¿Qué no fue suficiente tierra para enterrar al muerto?
Y ahora inminentemente se aparece el sepulturero, a desenterrar lo que a simple vista pareciese estar sepultado a kilómetros de profundidad, pero nadie sabía que sólo tenía tierra por encima.
El cadáver está dañado, las rupturas son profundas y dudosamente se pueden llegar a recolectar las 206 partes que se encuentran distribuidas por doquier y enterradas en la superficie de la tierra, cual siembra lista para germinar.
¿Es que hay una regla temporal para regar la tumba con constancia?
Solía regarla, no solo a diario, sino que a cada hora como mínimo tras el sepulcro. Después, no es que careciera de agua, sino que cada vez el Alzheimer me atacaba más a menudo y comenzaba a olvidarme de la existencia del enterramiento.
¿Qué los muertos no vuelven a la vida?
Pues sin verlo venir, escuché mi nombre desde el cementerio. En primera instancia, la voz era irreconocible y jamás la asimilaría con alguno de los esqueletos que, a mi recordar, estuviesen ahí bajo tierra.

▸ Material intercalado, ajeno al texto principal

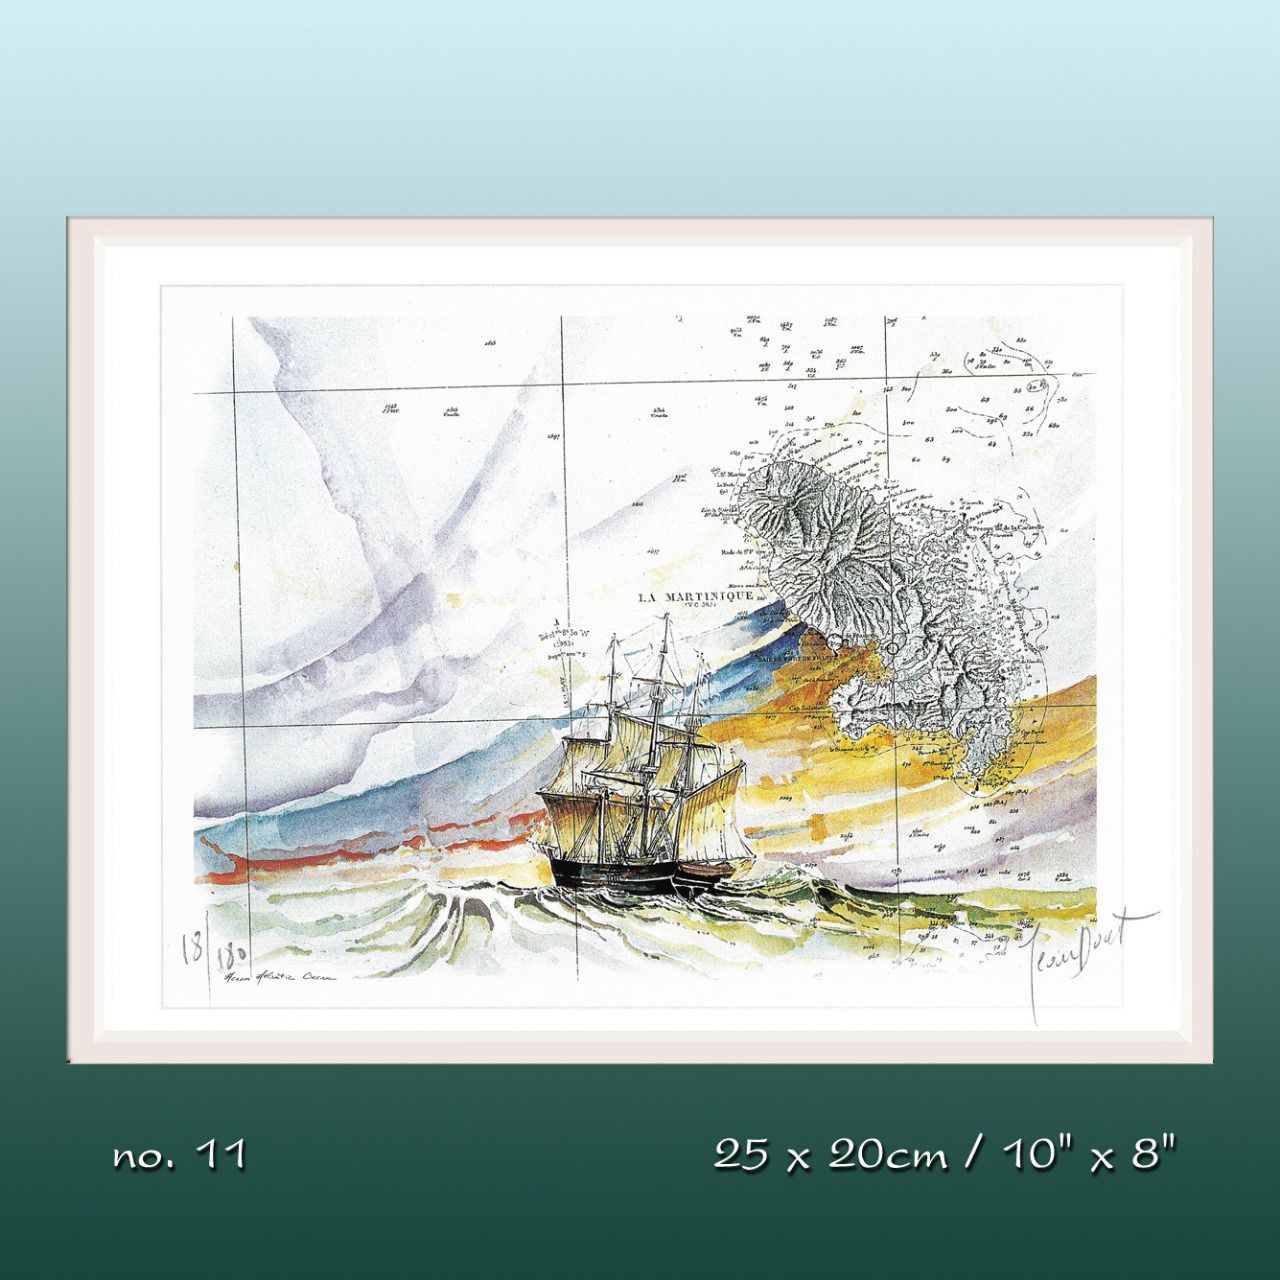  Aquarelle de J.Doat / 25 x 20 cm.............................No.11 / Le Grand Voyage,

La piel se me erizó con el segundo llamado. Inmediatamente reconocí la voz de aquella persona con quien di vida al vivaz cuerpo del cual solo remanan sus huesos.
¿Acaso recordó que no enterró bien al cadáver?
Pero siguiendo mi corazón y basado en la sensatez, opté por atender con cautela las palabras que leía de un largo pergamino que se desenrollaba desde sus manos hasta mis pies.
Enfoco mi mirada y veo al sepulturero. Su mirada penetra en la mía y recita sus frases como si no las leyera; meramente su expresión venía desde lo más recóndito de su corazón. Cada palabra envolvía mi alma con una sinceridad y arrepentimiento que jamás había atestiguado.
Tardé en reaccionar que era ella quien me hablaba.
Esta vez no pedía perdón sino manifestaba arrepentimiento.
Al procesar sus palabras, desconocí al autor de ellas; pareciese que viniesen de un lejano futuro al que su edad la limita. Me di cuenta que a pesar de que habían pasado cinco semanas desde el velorio, en su actitud más que en su ser, expresaba un lustro de tiempo transcurrido.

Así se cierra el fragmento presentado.